The first-time players have picked up on one key component in getting ready to tackle Augusta National for the first time: lean on the veterans.

Spieth was seen at length on the putting green Tuesday with past champions Tom Watson and Ben Crenshaw. Reed played with Rory McIlroy, and will again Thursday and Friday when the tournament begins. Jones has a Wednesday practice round scheduled with defending champion and fellow Aussie Adam Scott.

Johnson said he picked up valuable information in his first-ever Masters round when he played with 1998 champion Mark O’Meara. Johnson shot 81 and O’Meara 72.

“I hit it as well as he did, and it was humbling,” Johnson said. “It wasn’t so much of where he hit it but where he missed it, and the putts and chips he made. That kind of knowledge rubs off.”

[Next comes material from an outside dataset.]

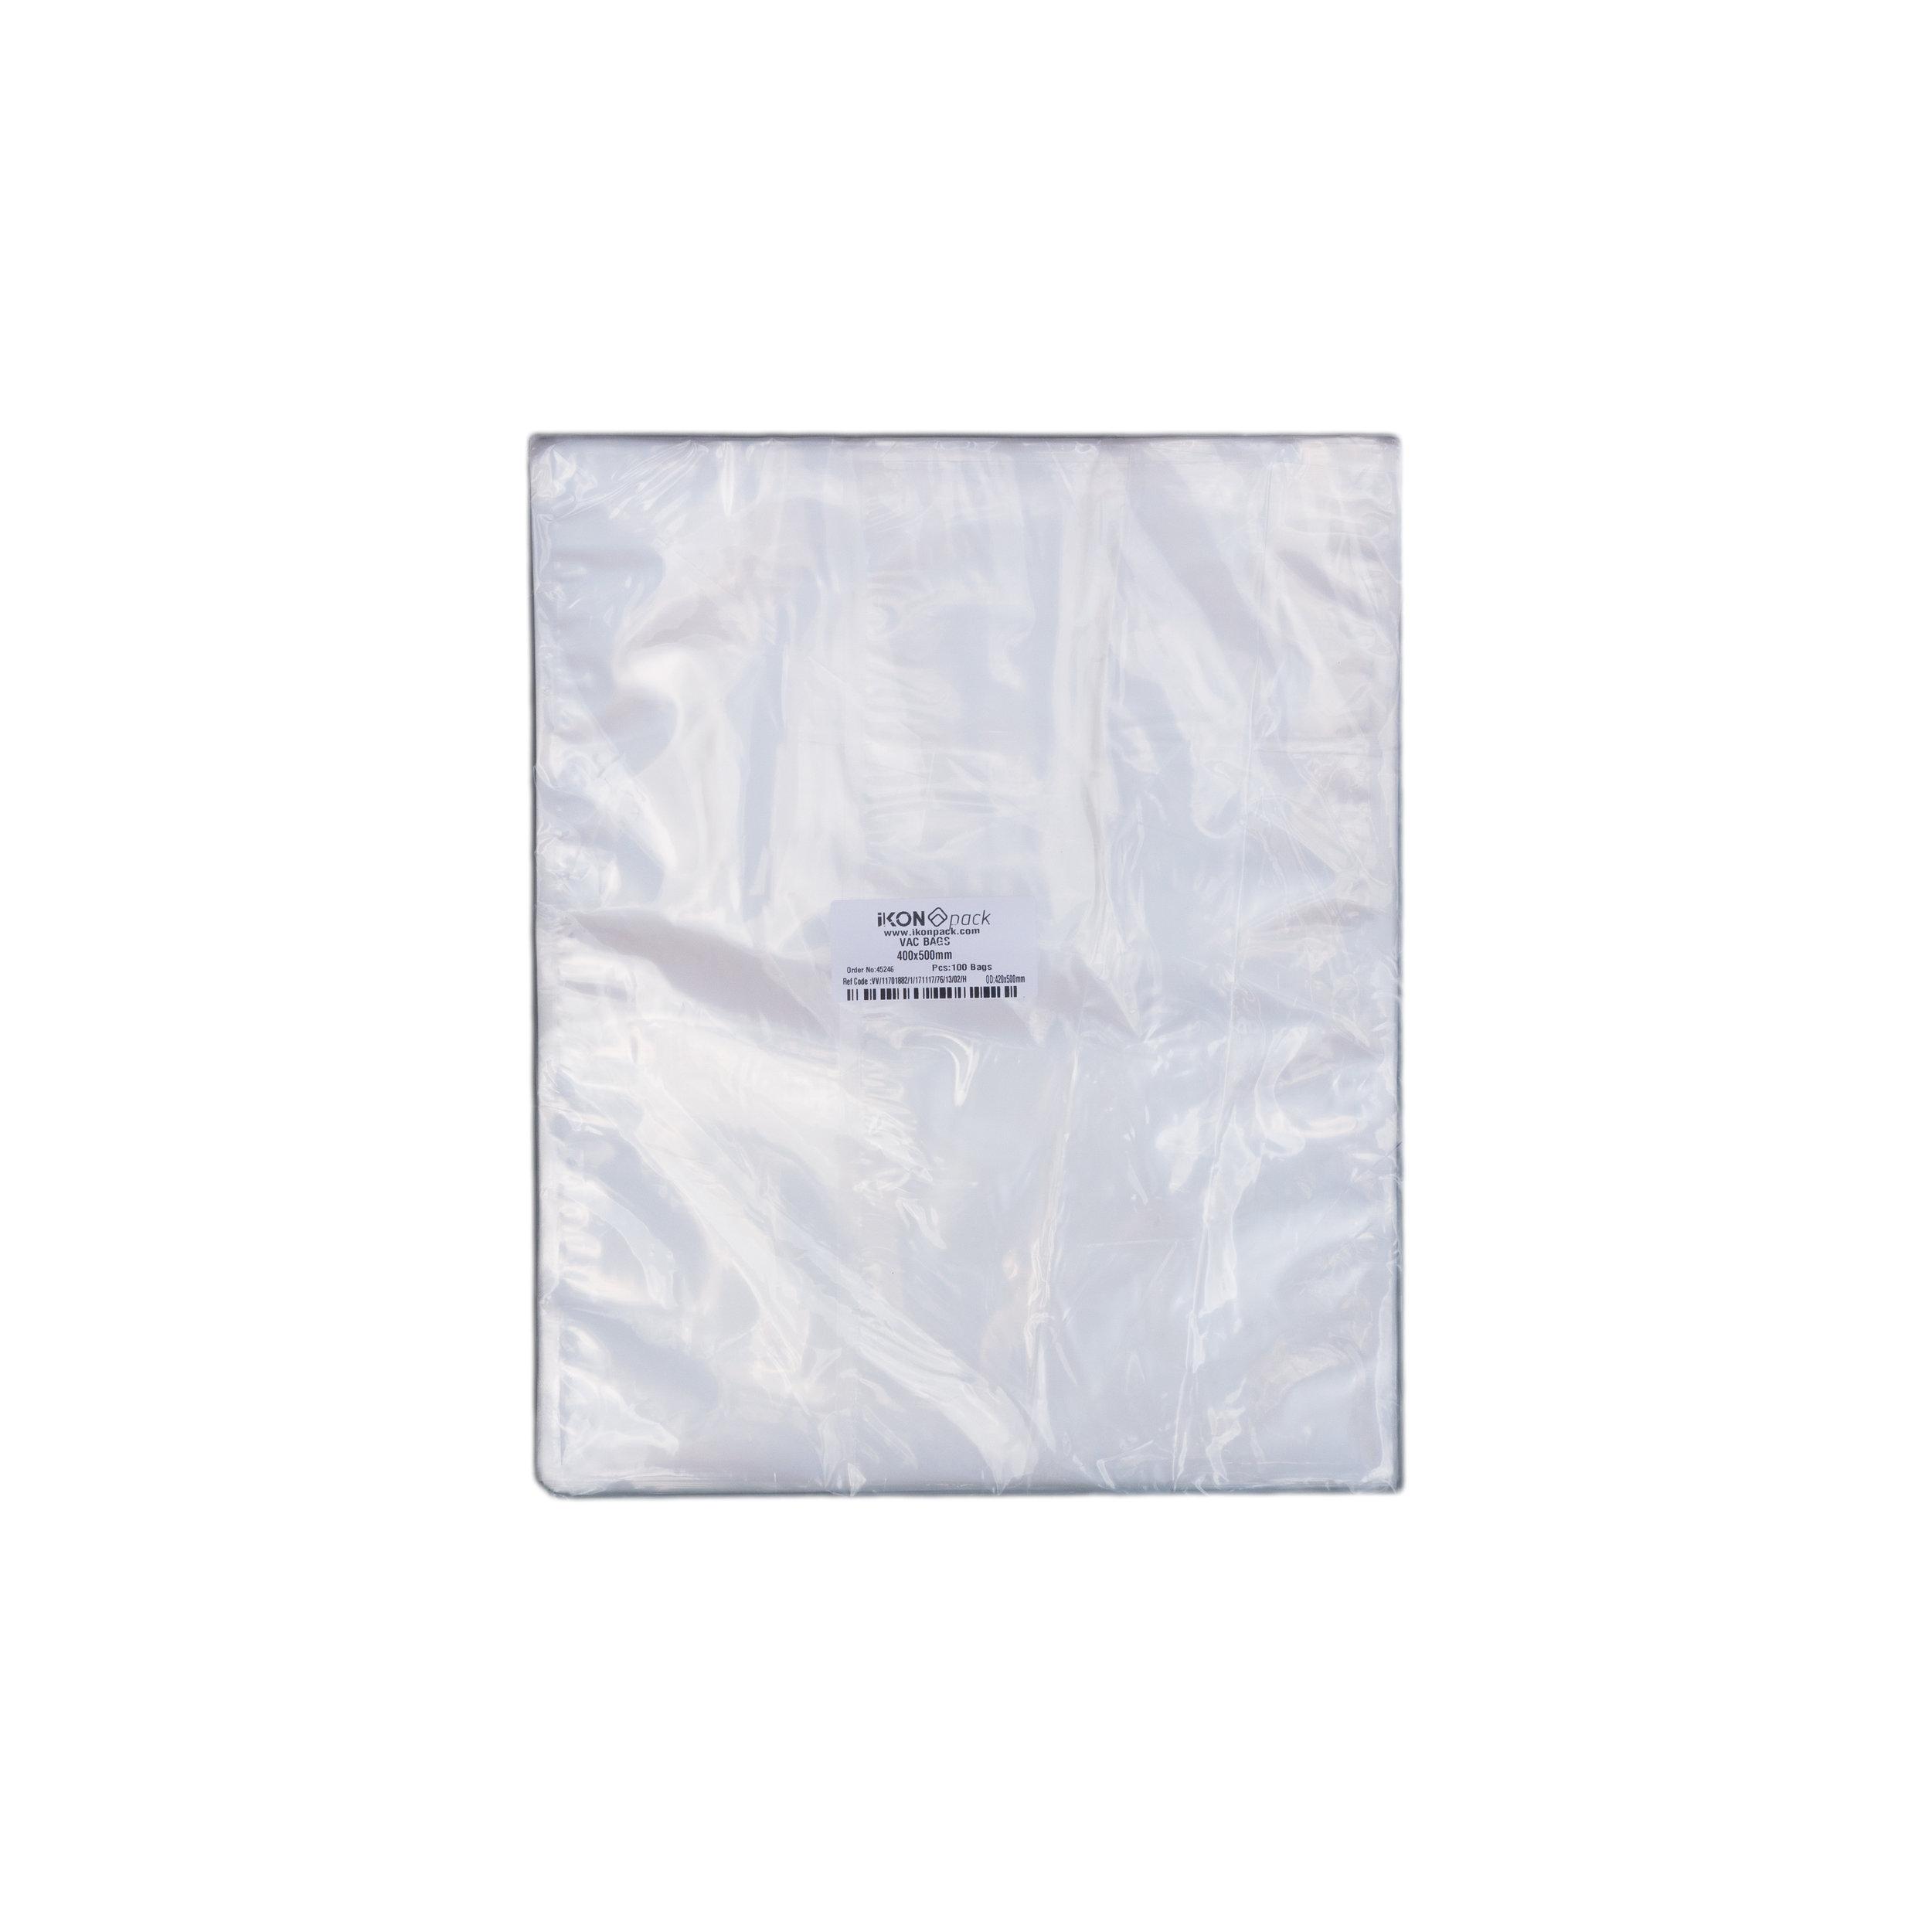 iK-VAC4050      VACUUM POUCH 70 MICRON 400X500    100 per slv 500 per carton

The Augusta National competition committee also historically tries to put rookie players in groupings with veterans. Spieth will join Reed in playing with McIlroy, who is in his sixth Masters. Kevin Stadler is playing with 1991 champion Ian Woosnam. Jonas Blixt of Jacksonville Beach is playing with Crenshaw. Billy Horschel of Ponte Vedra Beach has Watson for a playing partner. Matt Every of Jacksonville Beach drew 2003 champion Mike Weir.

“I got to play my first two rounds with Fuzzy Zoeller, and he was whistling off the first tee,” said Scott, who will play with U.S. Amateur champion Matthew Fitzpatrick. “I wasn’t quite sure what to make of it, but it was certainly a little more light-hearted than I thought. He’s [Fitzpatrick] got to enjoy the experience and hopefully it inspires him to keep working hard and come back, many many times.”

Trying to handicap which of the first-time players has the best chance to contend is difficult. After all, who saw Frank Urban Zoeller coming?

Johnson said one or more of them in the mix on Sunday shouldn’t come as any great shock.

“They’re all really good, so I’m hoping they don’t play somehow ... WD, DQ,” he said in a kidding fashion. “Any one of them would not surprise me, they’re so talented.